The Fall (1956) by Albert Camus, translated by Robin Buss

A year of Rob Doyle’s favourite books

French writer Albert Camus (1913-1960) As a novelist, Camus was an ideas man. Photograph: Hulton archive

Rereading the last novel Albert Camus published in his lifetime, I am left with two thoughts: first, that it’s still excellent, and second, that I’m glad I encountered it when I did, namely during adolescence.

It’s hard to imagine The Fall having the impact on someone in their 30s that it can on a teenager. Regarded from the 21st century, existentialism, with its trench-coated, smoke-veiled fixation on cosmic indifference, seems like the troubled adolescence of humankind: it was a phase we were going through. As a novelist, Camus was an ideas man, and the main idea driving The Fall – that altruism is covert self-gratification, while charm, social success, and sexual conquest belie a will to absolute dominion – stops feeling like news around age 20.

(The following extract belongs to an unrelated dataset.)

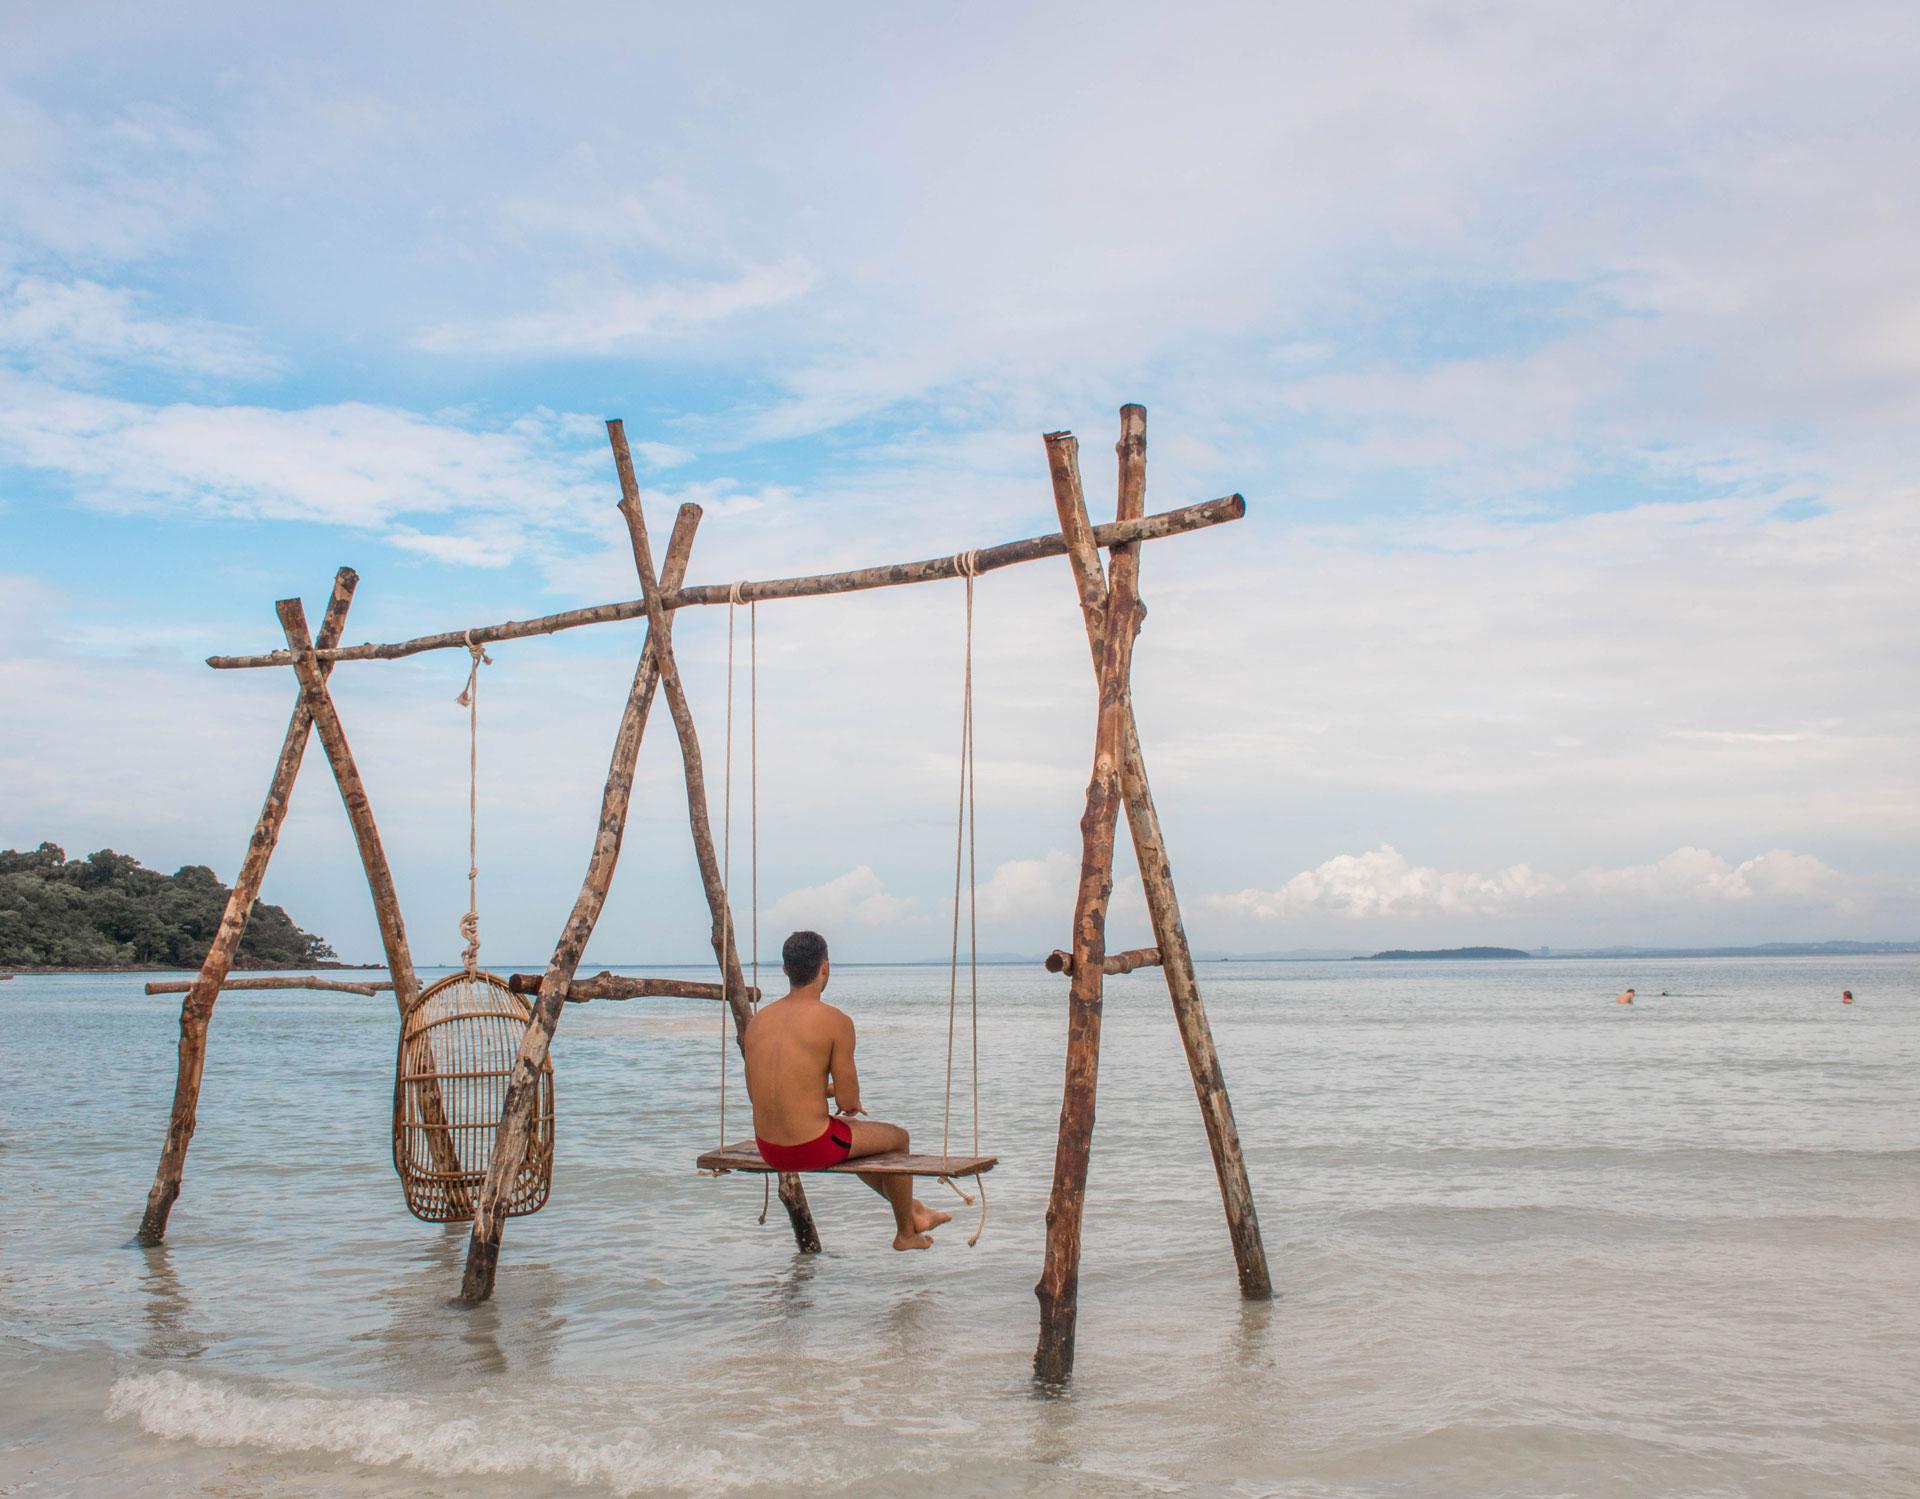 Développement personnel et transformation par le voyage

The Fall is set in Amsterdam, whose concentric canals remind the cultivated, loquacious, 40-year-old narrator, Jean-Baptiste Clamence, of the circles of hell. In a seedy sailors’ bar, he recounts his story to an unseen listener: how he attained a pinnacle of worldly success as a well-known lawyer in Paris, admiring his reflection in the gratitude of downtrodden clients who he served pro bono, not to mention in the submissive bodies and adoring smiles of the women he collected like medals. After a sinister confrontation with his own cowardice on the banks of the Seine, however, Clamence’s glowing self-appraisal begins to crumble: a strange disembodied laughter pursues him through the Paris streets. And so it is that he winds up in a dim Amsterdam bar, recasting himself as a “judge-penitent” who seduces unsuspecting listeners with his self-damning monologue, but only to force an equally nasty self-confrontation in the other, thereby affirming his own dominance.

Camus undoubtedly put a lot of himself into Clamence – his glory, his supreme self-confidence, his attractiveness. Clamence’s epigrammatic discourse on the despotic psychology of the womaniser is thus extra disquieting: “I loved women – which amounts to saying that I never loved any one of them.”